Action item: Output all the data exactly.

[[ Source material open ]]

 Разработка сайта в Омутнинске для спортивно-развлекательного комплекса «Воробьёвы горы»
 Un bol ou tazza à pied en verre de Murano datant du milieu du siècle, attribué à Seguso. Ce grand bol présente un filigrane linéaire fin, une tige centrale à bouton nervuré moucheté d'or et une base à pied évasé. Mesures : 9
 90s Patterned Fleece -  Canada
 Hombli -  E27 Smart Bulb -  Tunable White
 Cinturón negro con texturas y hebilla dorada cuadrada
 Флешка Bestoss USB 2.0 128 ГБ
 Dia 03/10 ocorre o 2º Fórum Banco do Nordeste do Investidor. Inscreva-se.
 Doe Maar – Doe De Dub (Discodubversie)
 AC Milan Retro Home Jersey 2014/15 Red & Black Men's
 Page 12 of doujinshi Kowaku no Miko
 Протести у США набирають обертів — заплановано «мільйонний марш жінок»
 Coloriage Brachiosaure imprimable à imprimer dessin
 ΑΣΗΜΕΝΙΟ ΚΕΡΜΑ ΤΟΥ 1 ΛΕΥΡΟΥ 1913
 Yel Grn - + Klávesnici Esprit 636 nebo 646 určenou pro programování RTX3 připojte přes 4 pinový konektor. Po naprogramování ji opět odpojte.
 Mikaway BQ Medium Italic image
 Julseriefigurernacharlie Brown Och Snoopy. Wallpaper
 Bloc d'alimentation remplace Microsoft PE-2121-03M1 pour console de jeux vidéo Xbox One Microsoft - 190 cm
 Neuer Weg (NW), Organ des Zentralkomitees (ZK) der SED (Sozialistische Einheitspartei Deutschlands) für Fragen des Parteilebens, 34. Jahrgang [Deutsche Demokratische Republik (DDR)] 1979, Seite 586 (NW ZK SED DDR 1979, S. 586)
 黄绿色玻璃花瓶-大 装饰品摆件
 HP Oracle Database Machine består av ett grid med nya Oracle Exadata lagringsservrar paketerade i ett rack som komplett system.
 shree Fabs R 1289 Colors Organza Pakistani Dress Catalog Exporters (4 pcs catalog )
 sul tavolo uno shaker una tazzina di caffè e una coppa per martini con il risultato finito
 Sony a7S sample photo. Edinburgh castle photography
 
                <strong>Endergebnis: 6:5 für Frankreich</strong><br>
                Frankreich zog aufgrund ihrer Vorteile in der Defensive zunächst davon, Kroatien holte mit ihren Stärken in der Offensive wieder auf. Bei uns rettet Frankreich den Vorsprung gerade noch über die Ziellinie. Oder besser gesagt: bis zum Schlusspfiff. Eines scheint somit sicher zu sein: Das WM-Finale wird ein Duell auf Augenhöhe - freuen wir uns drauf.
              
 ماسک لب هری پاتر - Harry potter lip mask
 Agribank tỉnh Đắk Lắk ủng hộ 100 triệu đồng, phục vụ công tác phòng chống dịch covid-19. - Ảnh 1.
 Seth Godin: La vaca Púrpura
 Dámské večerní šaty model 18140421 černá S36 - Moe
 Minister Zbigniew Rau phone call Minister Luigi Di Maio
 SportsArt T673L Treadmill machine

[[ Source material closed ]]

Response to the task:
 Разработка сайта в Омутнинске для спортивно-развлекательного комплекса «Воробьёвы горы»
 Un bol ou tazza à pied en verre de Murano datant du milieu du siècle, attribué à Seguso. Ce grand bol présente un filigrane linéaire fin, une tige centrale à bouton nervuré moucheté d'or et une base à pied évasé. Mesures : 9
 90s Patterned Fleece -  Canada
 Hombli -  E27 Smart Bulb -  Tunable White
 Cinturón negro con texturas y hebilla dorada cuadrada
 Флешка Bestoss USB 2.0 128 ГБ
 Dia 03/10 ocorre o 2º Fórum Banco do Nordeste do Investidor. Inscreva-se.
 Doe Maar – Doe De Dub (Discodubversie)
 AC Milan Retro Home Jersey 2014/15 Red & Black Men's
 Page 12 of doujinshi Kowaku no Miko
 Протести у США набирають обертів — заплановано «мільйонний марш жінок»
 Coloriage Brachiosaure imprimable à imprimer dessin
 ΑΣΗΜΕΝΙΟ ΚΕΡΜΑ ΤΟΥ 1 ΛΕΥΡΟΥ 1913
 Yel Grn - + Klávesnici Esprit 636 nebo 646 určenou pro programování RTX3 připojte přes 4 pinový konektor. Po naprogramování ji opět odpojte.
 Mikaway BQ Medium Italic image
 Julseriefigurernacharlie Brown Och Snoopy. Wallpaper
 Bloc d'alimentation remplace Microsoft PE-2121-03M1 pour console de jeux vidéo Xbox One Microsoft - 190 cm
 Neuer Weg (NW), Organ des Zentralkomitees (ZK) der SED (Sozialistische Einheitspartei Deutschlands) für Fragen des Parteilebens, 34. Jahrgang [Deutsche Demokratische Republik (DDR)] 1979, Seite 586 (NW ZK SED DDR 1979, S. 586)
 黄绿色玻璃花瓶-大 装饰品摆件
 HP Oracle Database Machine består av ett grid med nya Oracle Exadata lagringsservrar paketerade i ett rack som komplett system.
 shree Fabs R 1289 Colors Organza Pakistani Dress Catalog Exporters (4 pcs catalog )
 sul tavolo uno shaker una tazzina di caffè e una coppa per martini con il risultato finito
 Sony a7S sample photo. Edinburgh castle photography
 
                <strong>Endergebnis: 6:5 für Frankreich</strong><br>
                Frankreich zog aufgrund ihrer Vorteile in der Defensive zunächst davon, Kroatien holte mit ihren Stärken in der Offensive wieder auf. Bei uns rettet Frankreich den Vorsprung gerade noch über die Ziellinie. Oder besser gesagt: bis zum Schlusspfiff. Eines scheint somit sicher zu sein: Das WM-Finale wird ein Duell auf Augenhöhe - freuen wir uns drauf.
              
 ماسک لب هری پاتر - Harry potter lip mask
 Agribank tỉnh Đắk Lắk ủng hộ 100 triệu đồng, phục vụ công tác phòng chống dịch covid-19. - Ảnh 1.
 Seth Godin: La vaca Púrpura
 Dámské večerní šaty model 18140421 černá S36 - Moe
 Minister Zbigniew Rau phone call Minister Luigi Di Maio
 SportsArt T673L Treadmill machine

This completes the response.